The key numbers behind England and Wales’ Group B opponents
Gareth Southgate’s side – fresh from a 6-2 thrashing of Iran – will qualify with a win over the United States.
Meanwhile, victory for Robert Page’s men against the Iranians would put them in a strong position to progress, following their hard-earned draw on Monday night.
Here, the PA news agency assesses their opponents using FIFA’s new ‘Enhanced Football Intelligence’ metrics.
United States most effective on the left
England completely dominated Iran in their tournament opener – enjoying 72 per cent of possession – but they are unlikely to do the same against the United States.
The USA had the better of their 1-1 draw with Wales, making a greater number of line breaks (125 compared with 83) and receiving the ball more often in the final third (101 compared with 73).
Both England and the USA focused their attacking efforts on the wings during their first matches, with the majority of their final third entries coming in the outer channels.
The USA left flank was especially dangerous against Wales.
Chelsea’s Christian Pulisic – playing on the left of a front three – delivered 14 crosses, the most of any player in Group B, while Fulham left-back Antonee Robinson supported with seven. No other USA player attempted more than three.
Pulisic was consistently occupying threatening positions against Wales. He received the ball between the midfield and defensive lines on 32 occasions, three times the tally managed by any of his team-mates.

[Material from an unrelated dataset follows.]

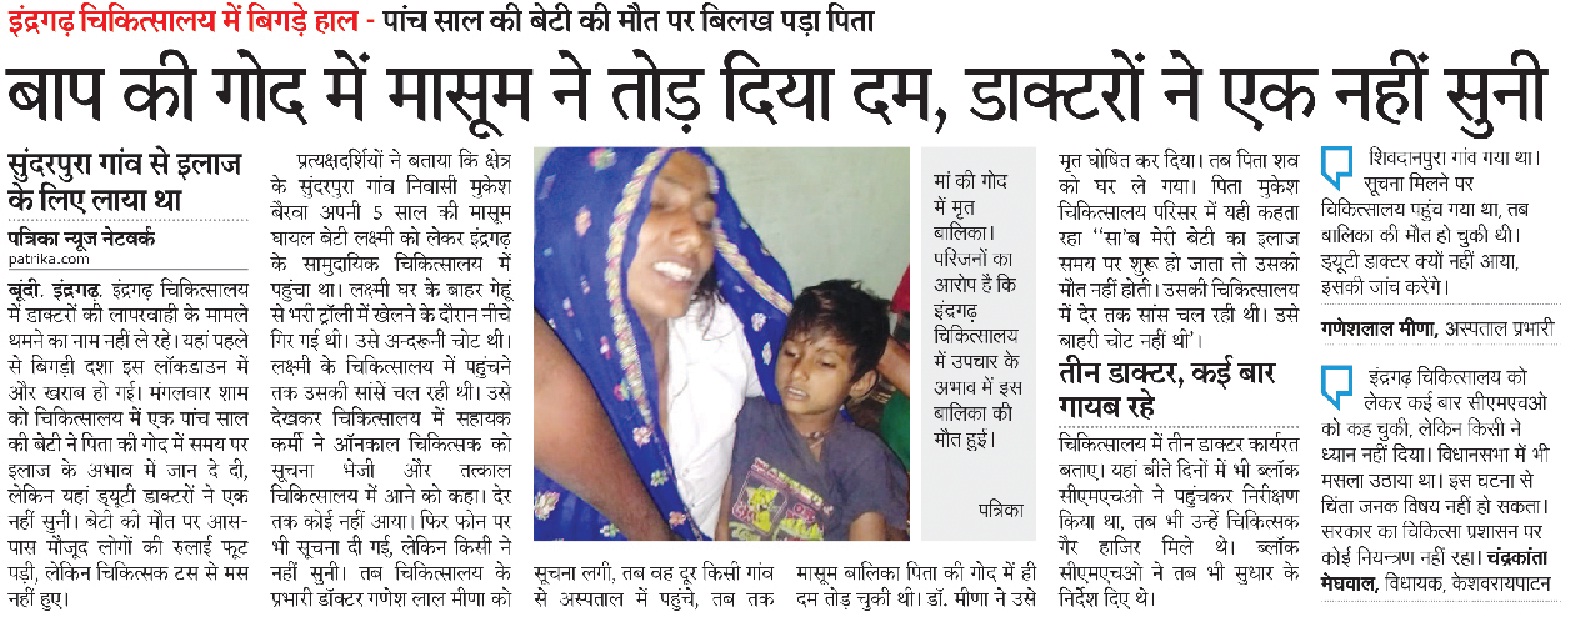 मासूम बालिका की मौत का मामला, इंद्रगढ़ चिकित्सालय के दो डाक्टरों को कारण बताओ नोटिस

At the same time, Robinson’s speed down the left side caused problems for Welsh defenders, with the full-back recording the most sprints (81) and the highest top speed (35.4 kilometres per hour) of anyone in Group B.
His energetic approach was matched by the rest of the team, as the USA covered 127 kilometres between them – nine more than England who played an extra 20 minutes of stoppage time.
As a result, they created 81 forced turnovers, also the highest in Group B.
England to counter press
England were able to win the ball back quickly in their opening game against Iran.
Almost one in six (16 per cent) of their defensive phases were counter pressing, compared with one in 10 (10 per cent) for the USA.
On average, Southgate’s side regained possession within eight seconds of losing it, by far the fastest of any team in Group B.
Going forward, England often relied on Jude Bellingham for defence-splitting passes – the 19-year-old attempted the most line breaks (35) of anyone in Group B on matchday one.
Bellingham was also trusted by his team-mates to receive the ball in tight situations. He took possession under pressure on 43 occasions, which was far more than any other player in the England or USA side (Declan Rice was next on 28).
Moore of the same for Wales?
Both Wales and Iran were on the back foot for much of their opening games.
Iran spent 28 per cent of their time without the ball in a low block, according to FIFA’s ‘phase of play’ statistics, while Wales adopted the same approach in 25 per cent of their defensive phases.
However, the Dragons were much improved in the second half against the USA, following the introduction of Kieffer Moore in place of Dan James.
Moore helped Wales to push their opponents back, offering to receive the ball in behind on 23 out of 37 occasions, compared with James’ 7 out of 17.
The Bournemouth centre-forward also contributed two shots out of the team’s five in the second half, putting forward a strong case for a starting berth on Friday.
Despite scoring twice in the final half hour, Iran struggled to string passes together against England, completing only 154 compared with their opponent’s 730 on Monday.
FIFA numbers also indicate that Carlos Queiroz’s side only attempted to get beyond England’s defensive line on seven occasions in almost 118 minutes of play, less than half the tally managed by Wales (17).